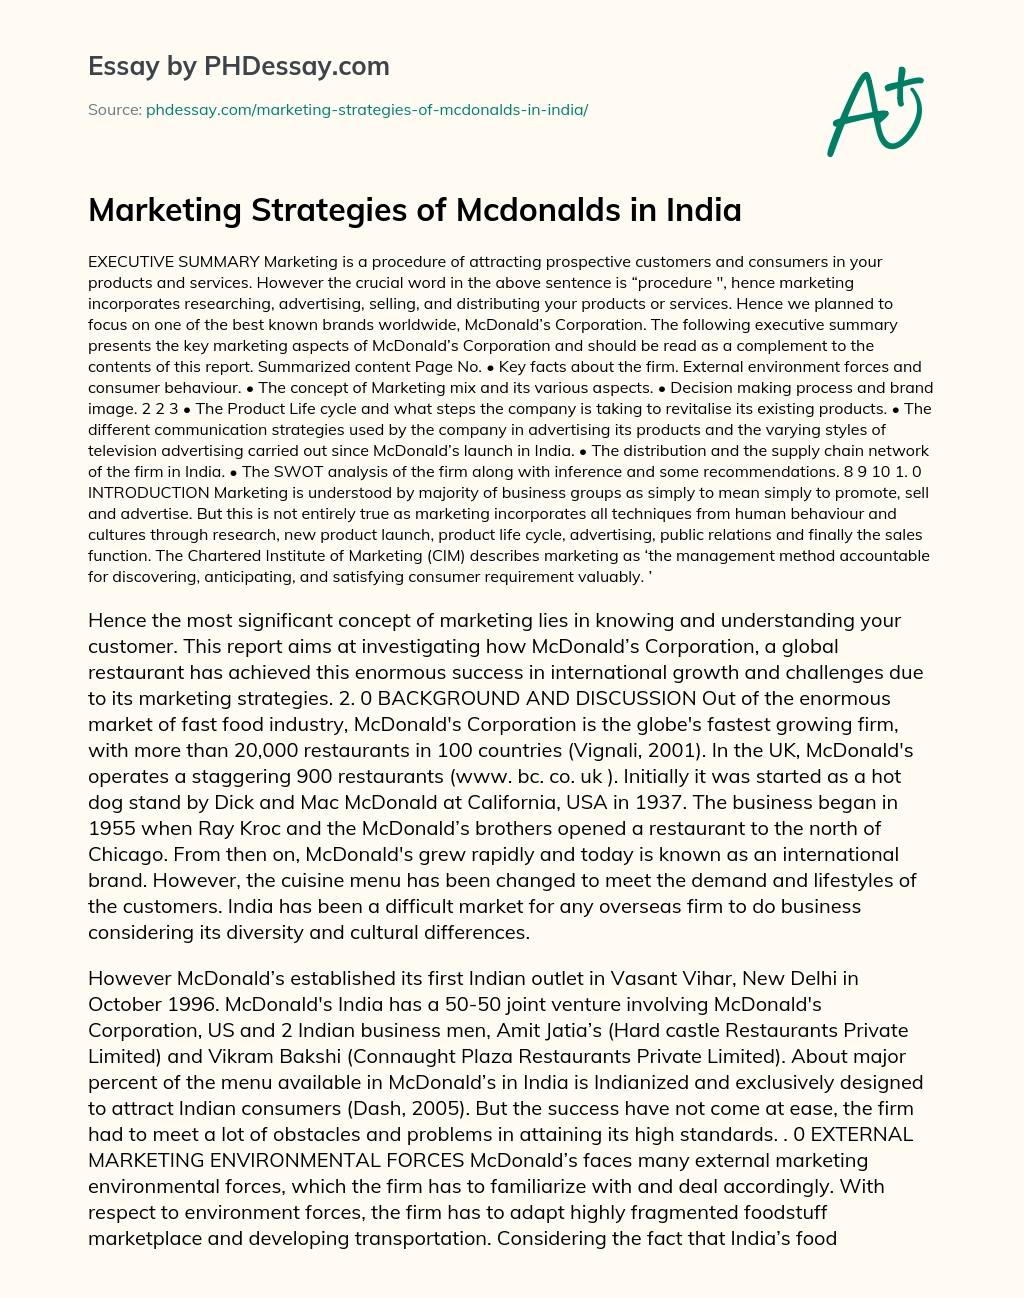 Marketing Strategies of Mcdonalds in India essay
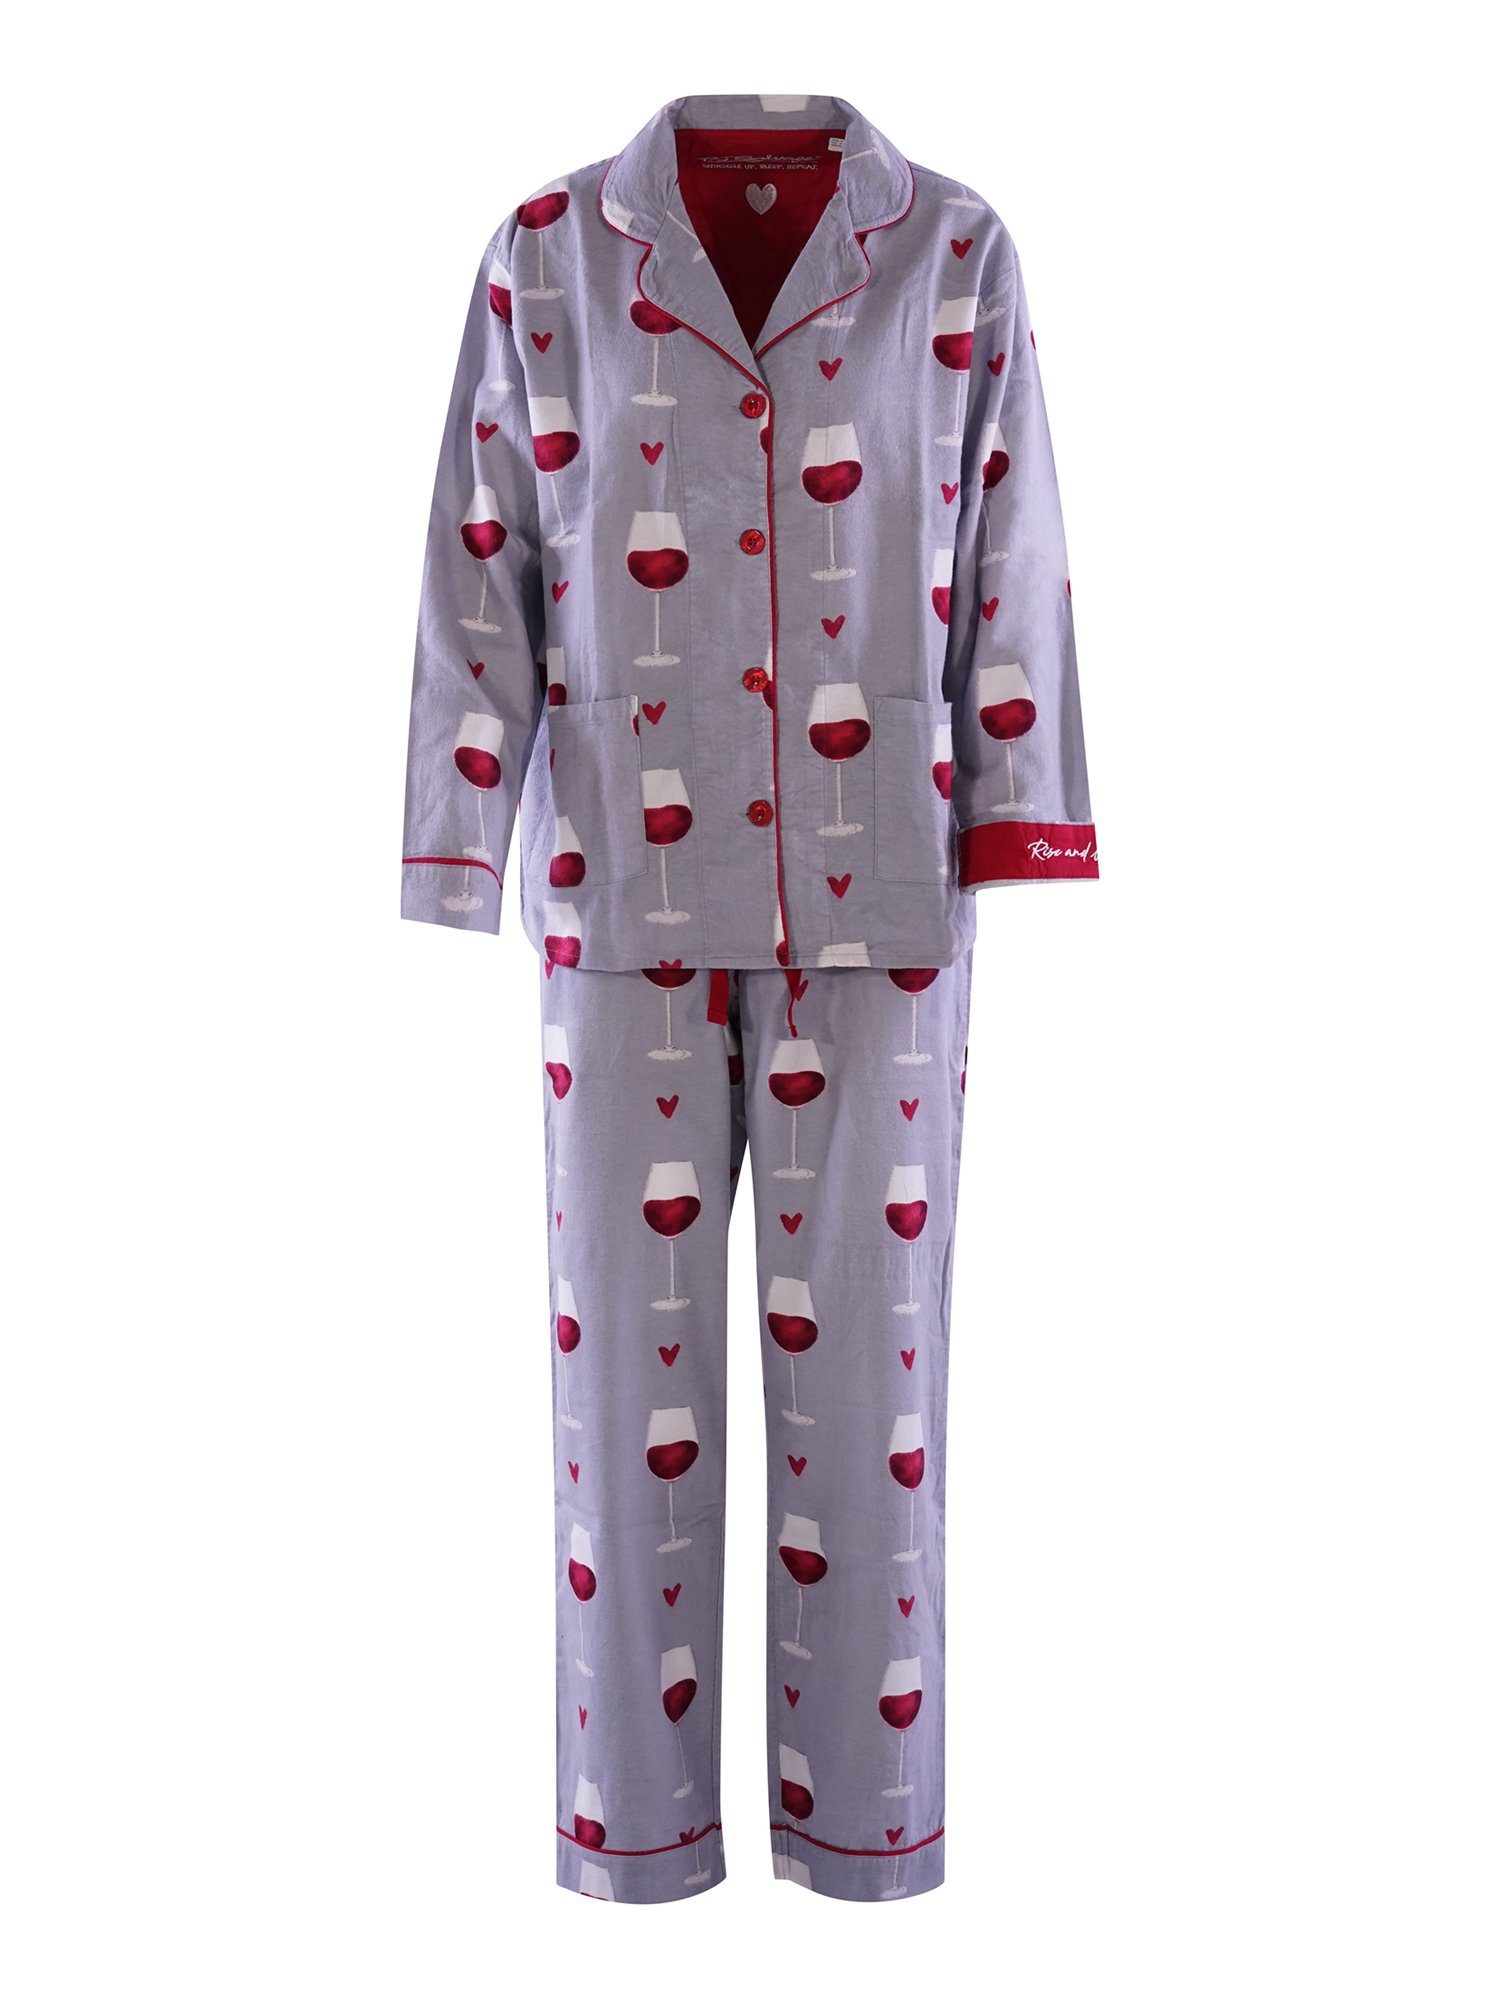 PJ Salvage Pyjama Flanells schlafanzug pyjama schlafmode grau
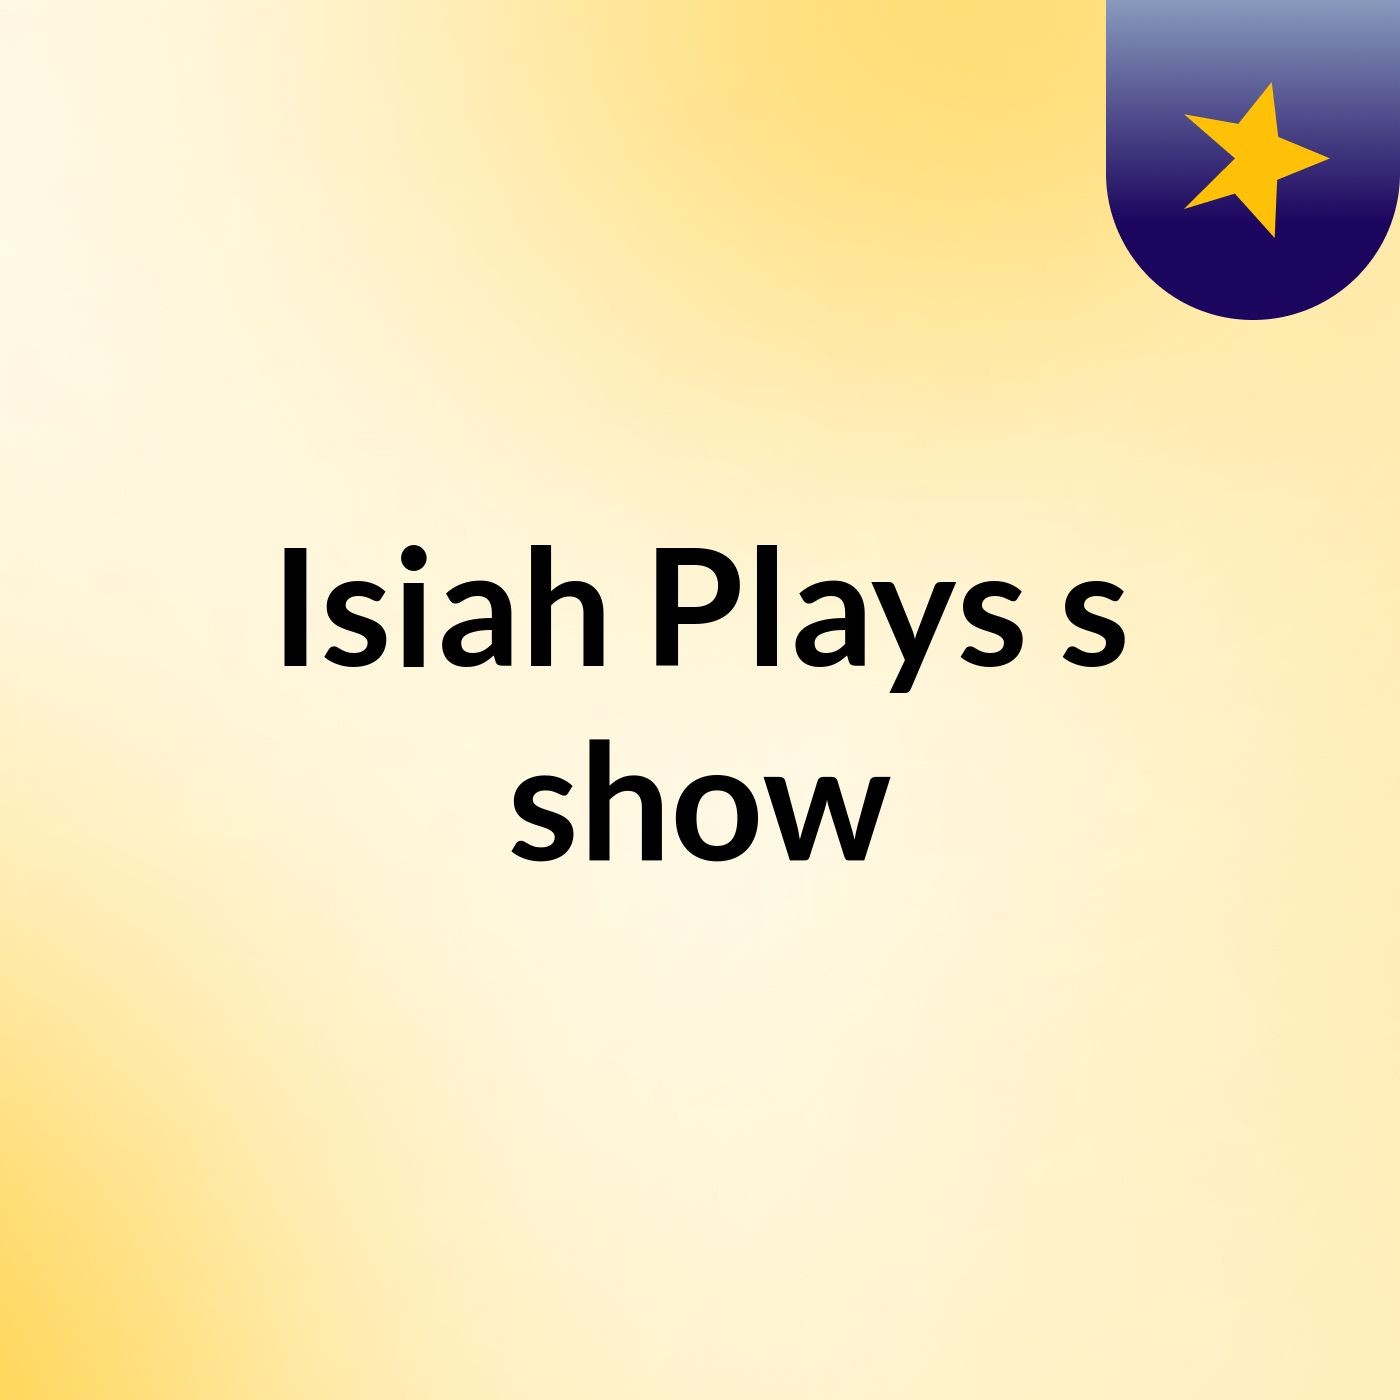 Isiah Plays's show

- [What to do]: Every line from the one holding "PJ Salvage Pyjama" to the last line of the listing above, inclusive, must appear exactly as written, and no picture may appear.

- [Reply]:
 PJ Salvage Pyjama Flanells schlafanzug pyjama schlafmode grau
 Isiah Plays's show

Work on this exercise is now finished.